**Your instructions:** Below are some records; output exactly the lines from the line with "Bild 1 von Newborn Stramplerkleid mit Fuß" to the line with "La estrategia del", both ends kept, and nothing more.

**Available records:**

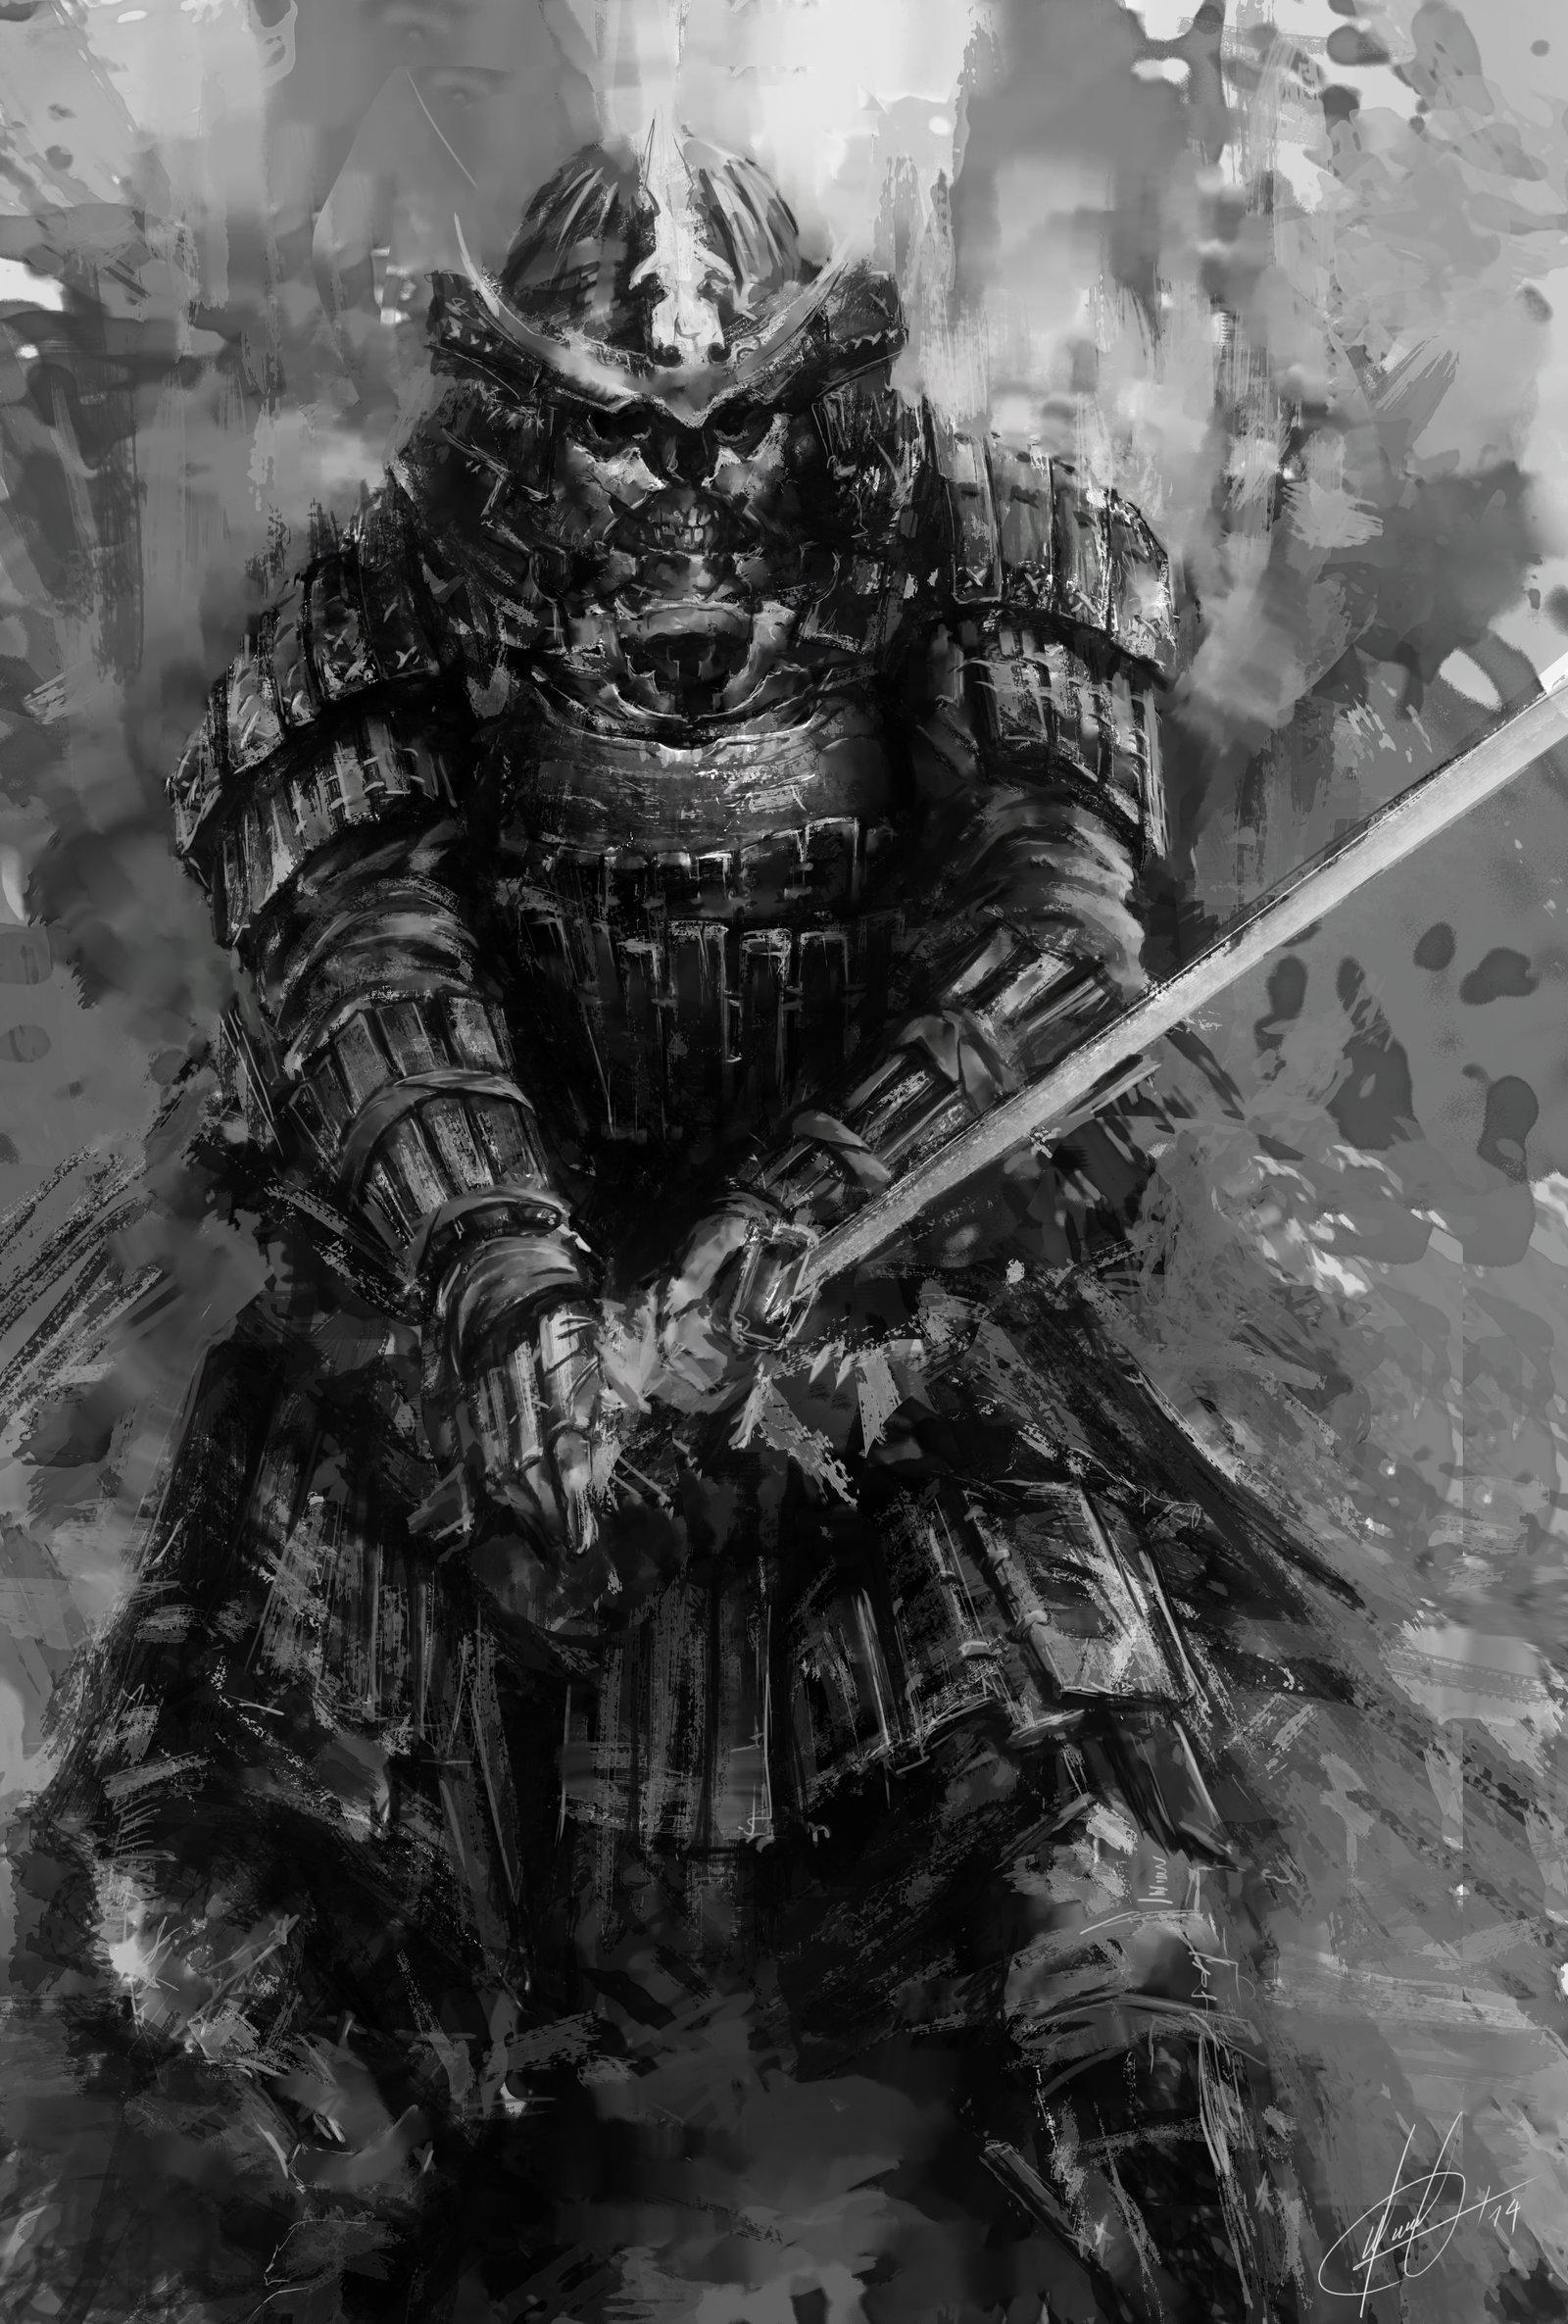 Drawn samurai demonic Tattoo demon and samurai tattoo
---
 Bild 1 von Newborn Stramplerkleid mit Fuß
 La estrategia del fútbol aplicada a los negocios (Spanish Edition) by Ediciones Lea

**Expected answer:**
 Bild 1 von Newborn Stramplerkleid mit Fuß
 La estrategia del fútbol aplicada a los negocios (Spanish Edition) by Ediciones Lea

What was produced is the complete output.